René Barjavel est l’un de mes auteurs de science-fiction préféré, avec Philip K. Dick ; ses romans sont moins « noirs » que ceux de ce dernier, mais bien souvent tout aussi désespérés. Parmi les plus connus de ses romans d’anticipation, on peut citer le très magnifique « la Nuit des Temps » ainsi que Ravage, le Grand Secret, le Voyageur Imprudent, ou encore L’Enchanteur dans lequel il revisite avec beaucoup d’humour la quête des chevaliers de la Table Ronde … Il est aussi connu grâce à d’autres romans tels que Tarendol et les Chemins de Katmandou.
De 1969 à 1975, il a aussi écrit une suite de chroniques (Les Années de la Lune, Les Années de la Liberté et Les Années de l’Homme) que j’ai eu le plaisir de découvrir par hasard dans l’étal d’un bouquiniste. Celles-ci sont le fruit de ses réflexions sur les événements de cette époque, mais le plus étonnant est la vision dont il faisait preuve quant à leurs évolutions futures, en effet il évoquait déjà à cette époque les nombreux problèmes que risquait de rencontrer notre société actuelle (chômage, pollution, entassement des populations, délinquance, etc.).
Dans une chronique écrite en 1972, il y évoque le docteur Paul Carton et voici ce qu’il en dit :
Toute la diététique moderne est sortie de l’œuvre de Carton. Il a été pillé et copié par tout le monde, chacun ajoutant à ce qu’il lui prenait sa petite ou grosse erreur personnelle, pour avoir l’air de faire œuvre originale. Son nom n’était jamais cité. Les étudiants en médecine d’aujourd’hui n’ont jamais entendus parler de lui. Mais son livre « la cuisine simple » qui contient l’essentiel de sa doctrine, plus des recettes et des menus, a été tiré peu à peu à plus de cent mille exemplaires, et continue à se vendre tous les jours. La vérité se répand par la base, comme dirait les syndicalistes… Cette vérité est basée sur le bon sens. Une maladie, dit Carton, est une crise réglée et une alimentation agressive, insuffisante ou trop riche. Pour supprimer la maladie, il ne suffit pas d’effacer les symptômes à coup de médicaments, car le mal ainsi repoussé reparaîtra plus tard, sous la même forme ou sous une autre. Il faut « supprimer la cause », c’est-à-dire régler sa vie et son alimentation. Et l’effet, c’est-à-dire la maladie, disparaîtra tout seul.
Régler son alimentation est encore possible. Contrairement à ce qu’on pourrait croire, ce qui est important, ce n’est pas tellement de trouver des aliments « naturels » mais d’éviter certains aliments qui sont naturellement « nocifs » et de composer avec les autres une synthèse nutritive adaptée à son propre tempérament.
Régler sa vie devient par contre de plus en plus difficile, sinon impossible.
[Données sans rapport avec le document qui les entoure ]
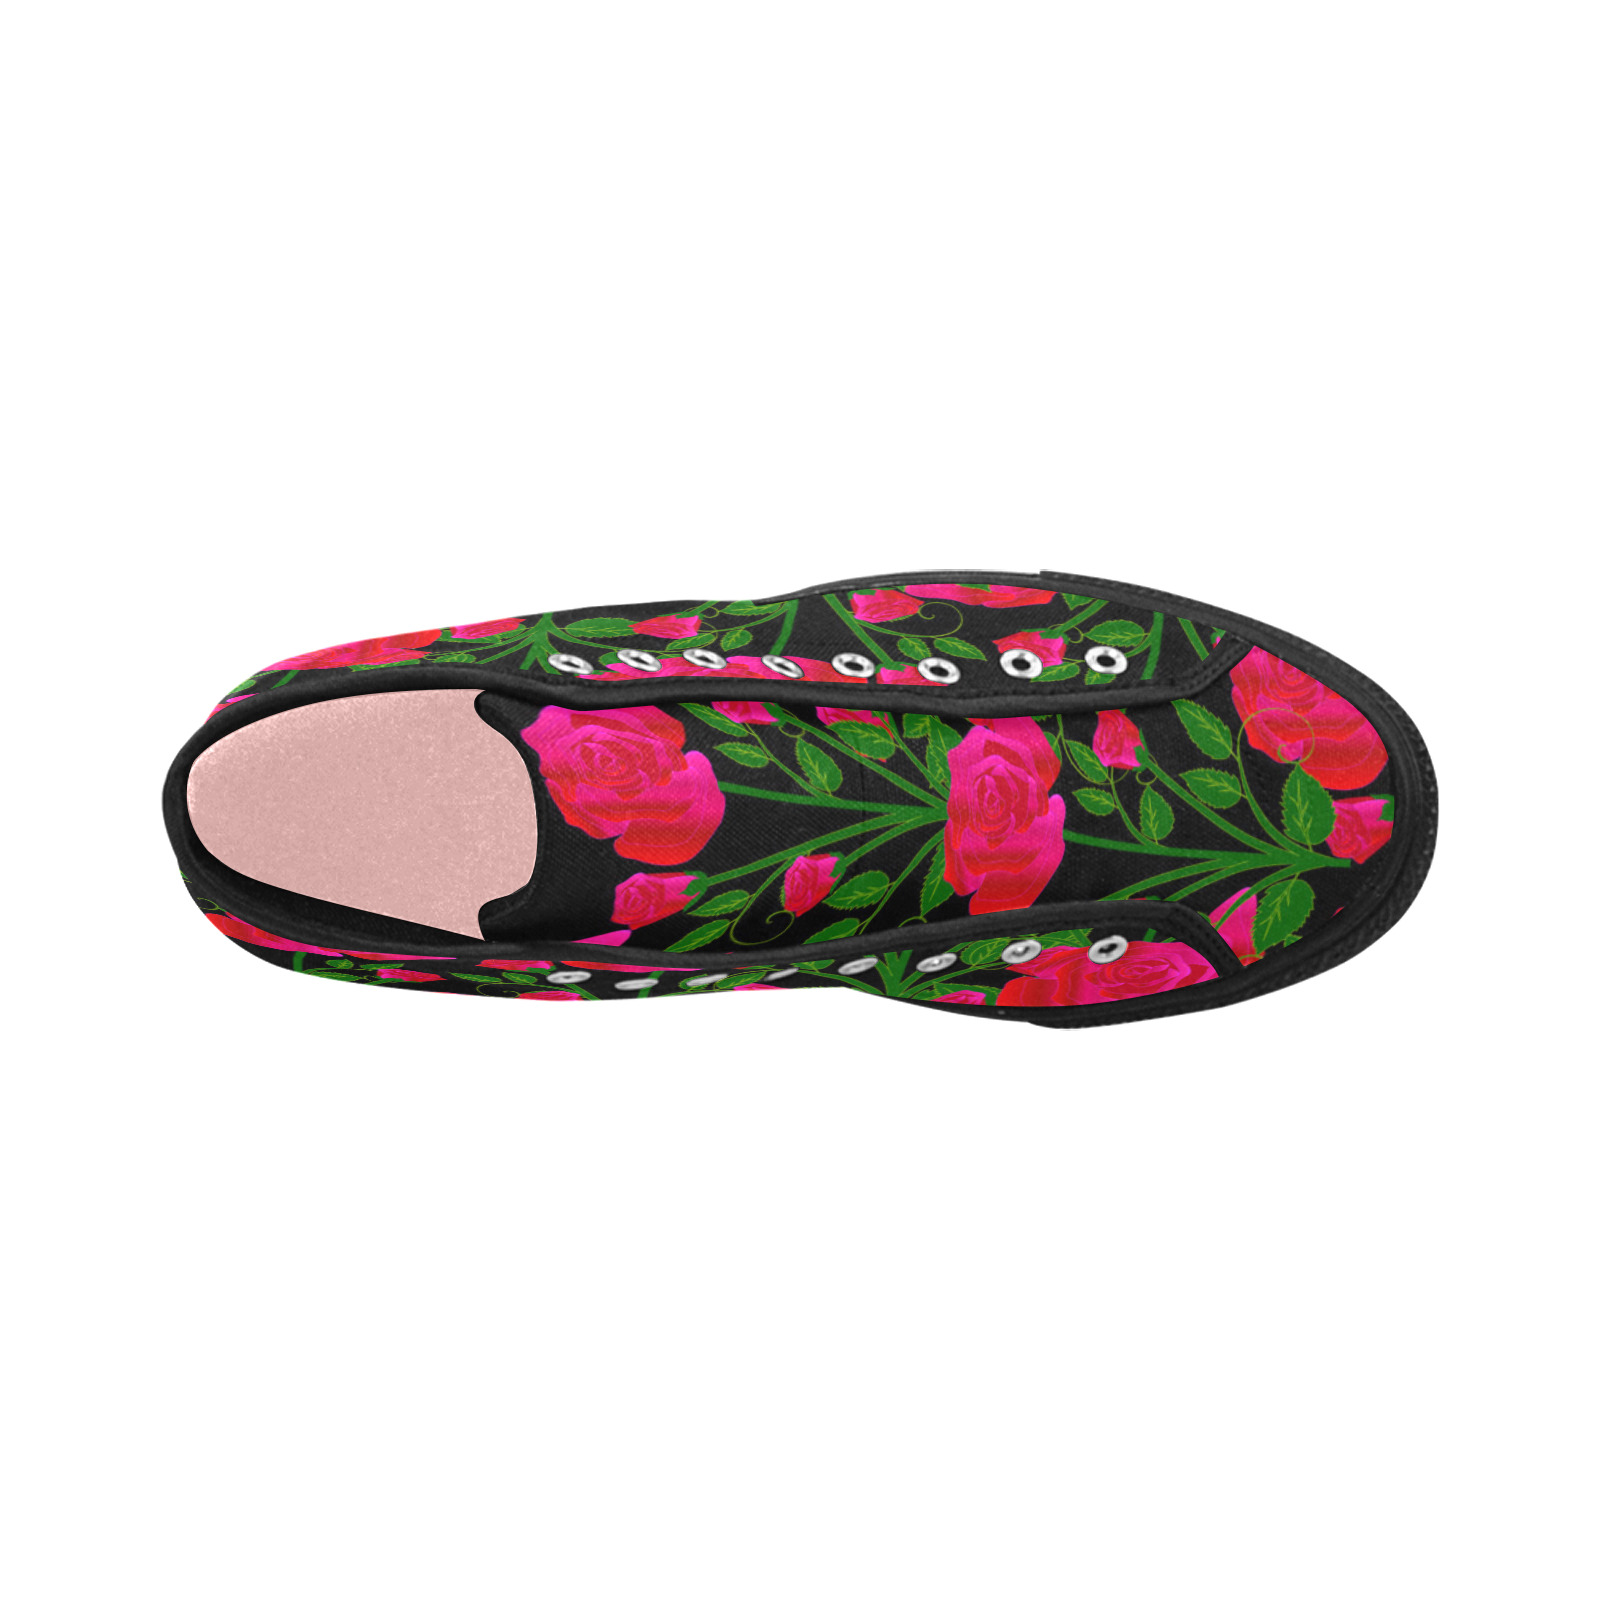 roses at night Vancouver H Women's Canvas Shoes (1013-1)

On ne peut pas éviter de vivre à la ville, d’en subir les contraintes et les empoisonnements. Mais avec une bonne hygiène alimentaire on peut mieux leur résister et essayer de rester bien portant, ce qui est une bonne médecine.
Et de terminer avec cette conclusion :
Maintenant, mes amis pharmaciens vont m’envoyer des tueurs ; et des lecteurs, scandalisés après avoir mis le nez dans Carton, des lettres d’injures. Tant pis, il fallait qu’un jour j’écrive cela, par amour de la vérité, et par reconnaissance. Je ne peux m’en expliquer plus longuement, la place me manque, et aussi la compétence : je ne suis pas médecin. Je le regrette. Je regrette aussi de n’être pas musicien et peintre, et astronome, et Leprince-Ringuet, et jeune homme, et oiseau… Il faut faire avec ce qu’on est.